Weighted Majority Vote

Time and Space Complexity

$n$ ➔ Length of the array

• Time Complexity: $O(n)$

  • Iterates twice over the input array $O(n)+O(n)=O(2n)=O(n)$

• Space Complexity: $O(1)$

  • No extra space is used

Key Modifications

• Counter Logic: The standard increment/decrement of 1 is replaced by weights[i].

• Accumulation: weightCounter uses long to prevent overflow when summing large weights.

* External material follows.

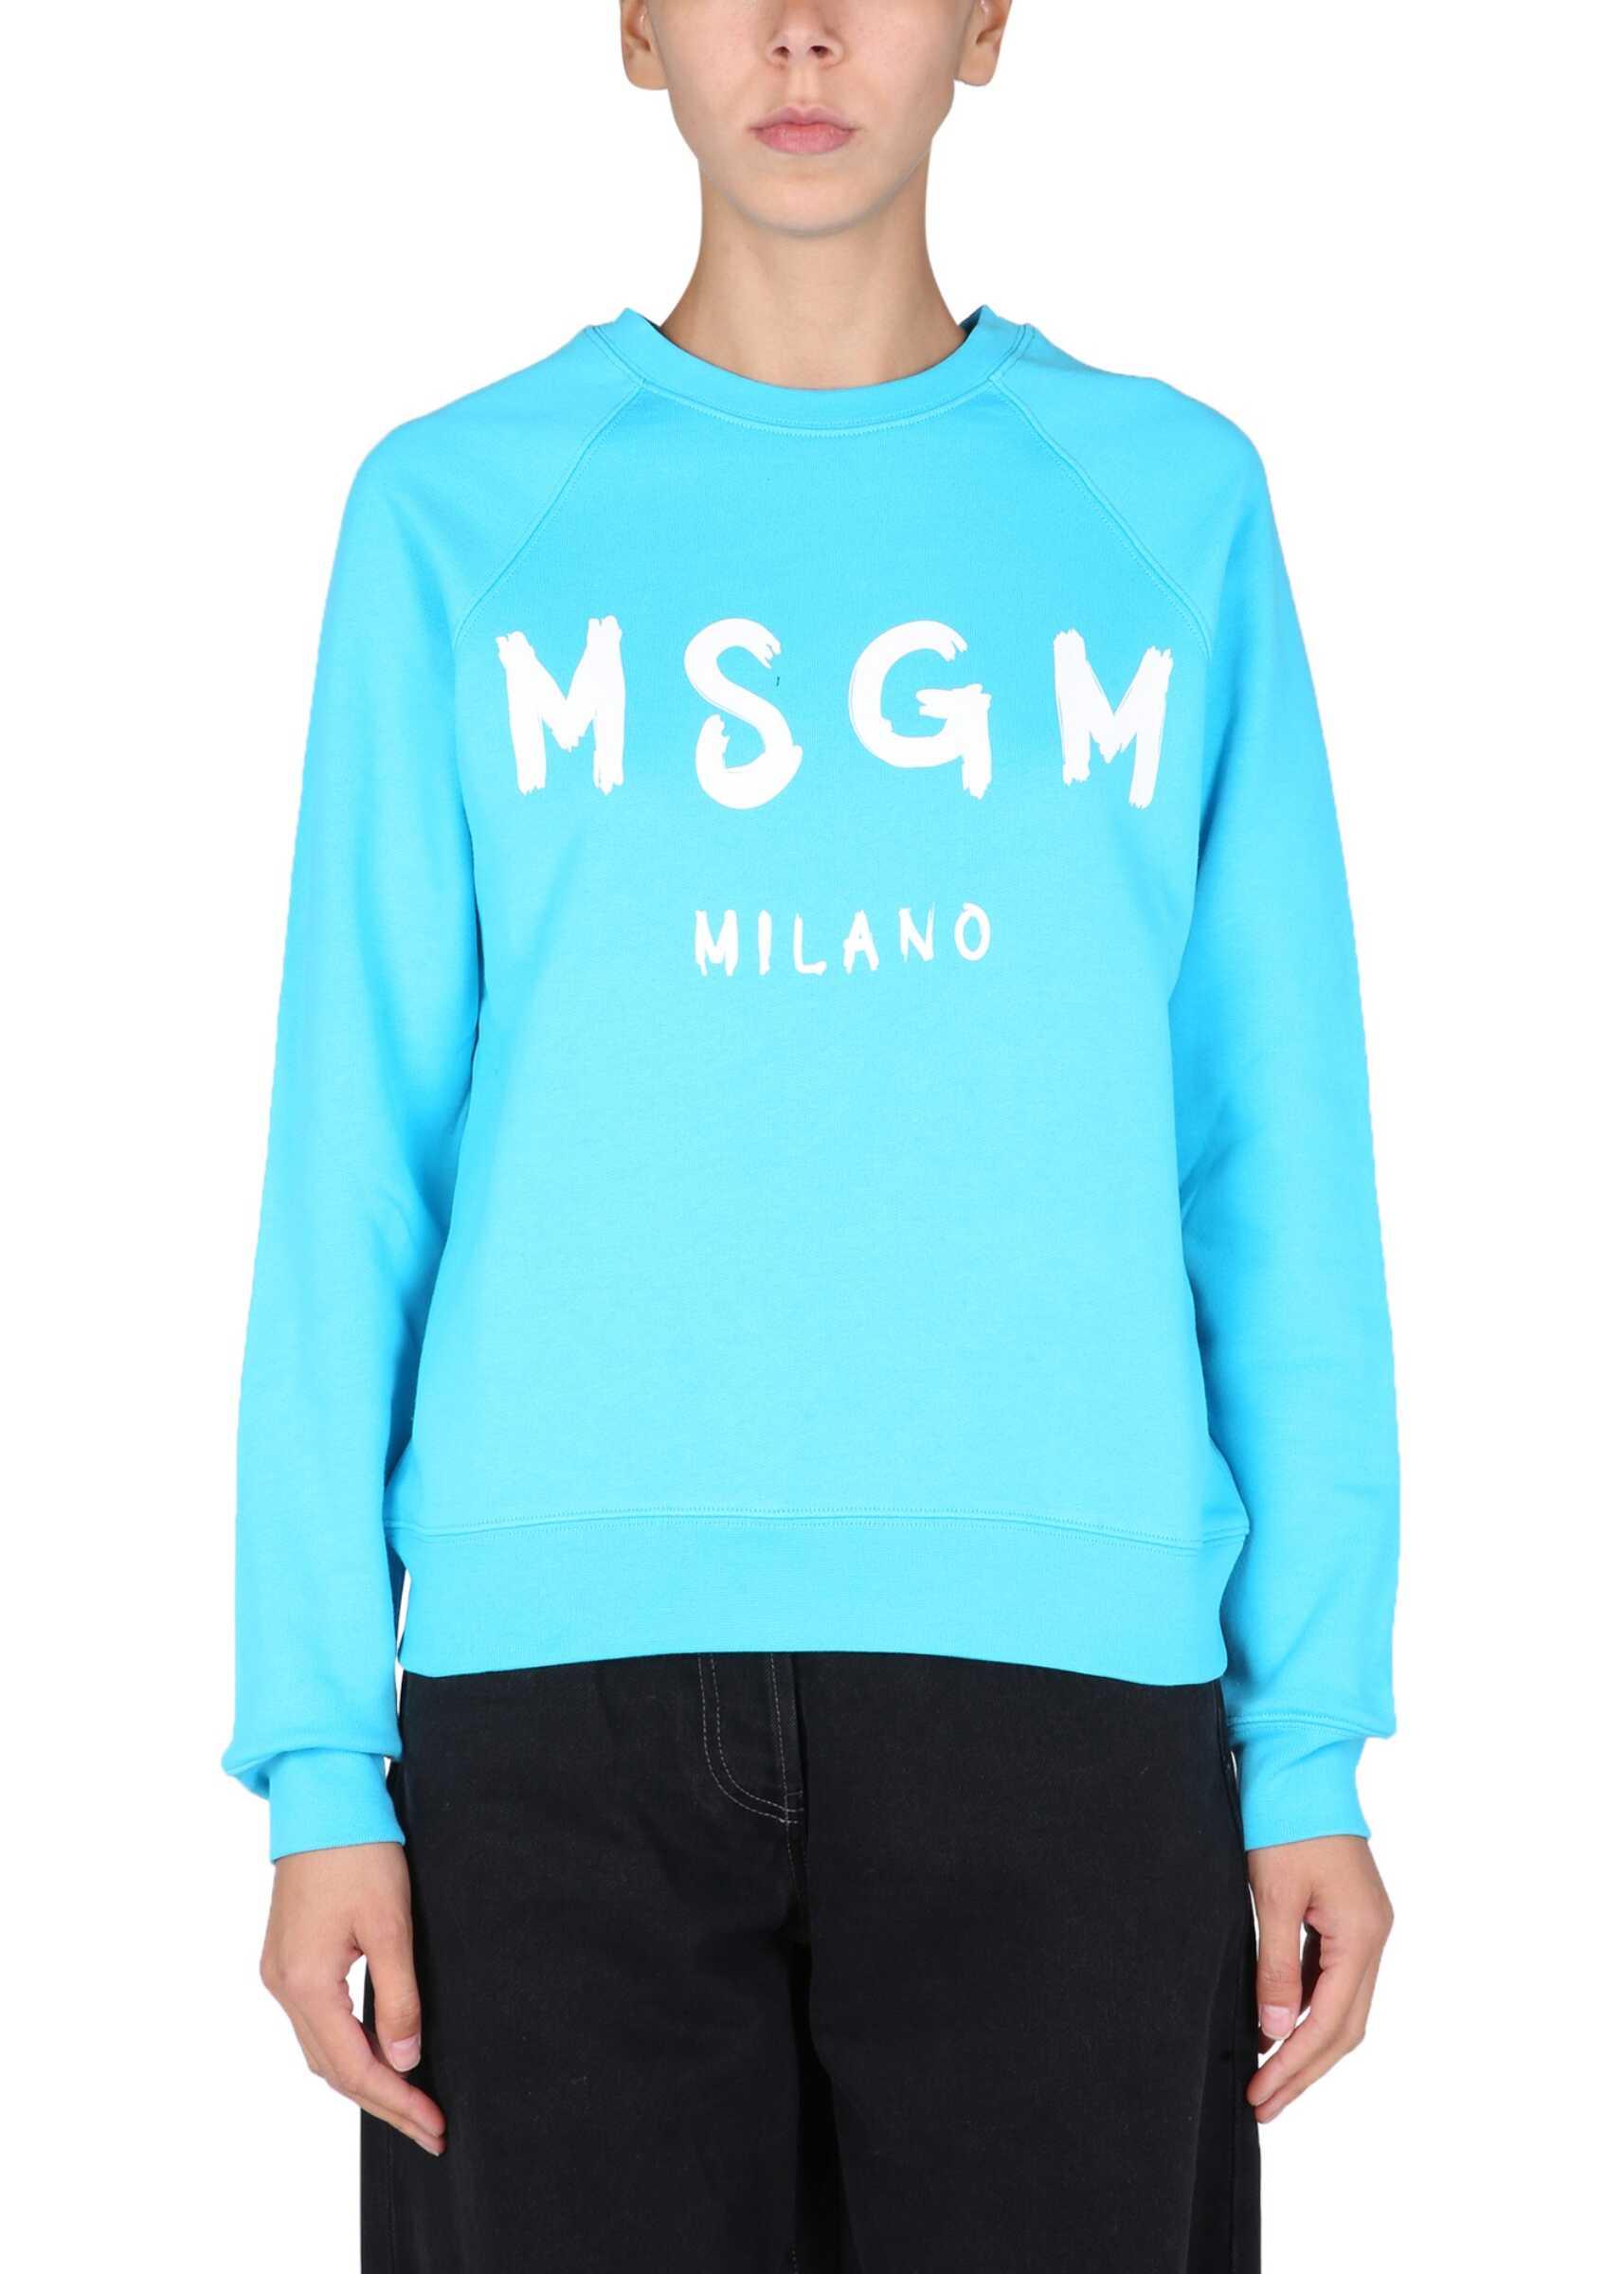 MSGM Sweatshirt With Brushed Logo 3142MDM513_21799984 AZURE image0
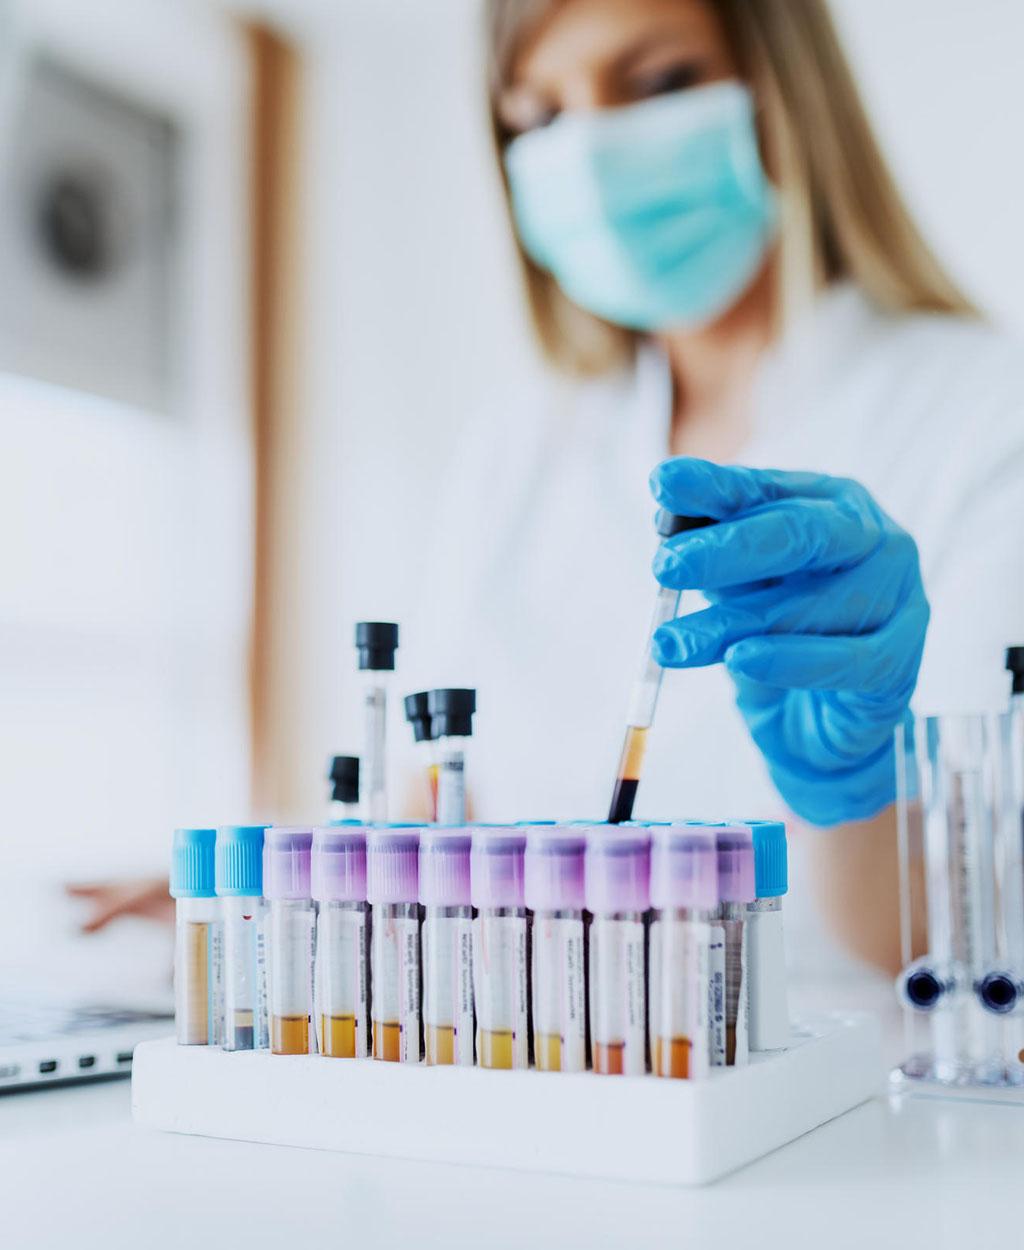 Διαγνωστικό μικροβιολογικό Εργαστήριο Καλαμάτα - Ρουμπέα Παρασκευή - Εξετάσεις

• Threshold: Verification is against totalWeight / 2 rather than n / 2.

Code

class Solution {
    /**
     * Finds the majority element where each element has an associated weight.
     * Requirement: Weight(element) > (TotalWeight / 2)
     */
    public int weightedMajority(int[] nums, int[] weights) {
        if (nums == null || weights == null || nums.length != weights.length || nums.length == 0) {
            throw new IllegalArgumentException("Invalid input: Arrays must be non-empty and of equal length.");
        }

        long weightCounter = 0;
        int candidate = 0;

        // Phase 1: Weighted Candidate Identification
        for (int i = 0; i < nums.length; i++) {
            if (weightCounter == 0) {
                candidate = nums[i];
                weightCounter = weights[i];
            } else if (nums[i] == candidate) {
                weightCounter += weights[i];
            } else {
                weightCounter -= weights[i];
            }
        }

        // Phase 2: Verification
        long totalWeight = 0;
        long candidateWeight = 0;

        for (int i = 0; i < nums.length; i++) {
            totalWeight += weights[i];
            if (nums[i] == candidate) {
                candidateWeight += weights[i];
            }
        }

        if (candidateWeight > totalWeight / 2) {
            return candidate;
        }

        throw new RuntimeException("No weighted majority element found.");
    }
}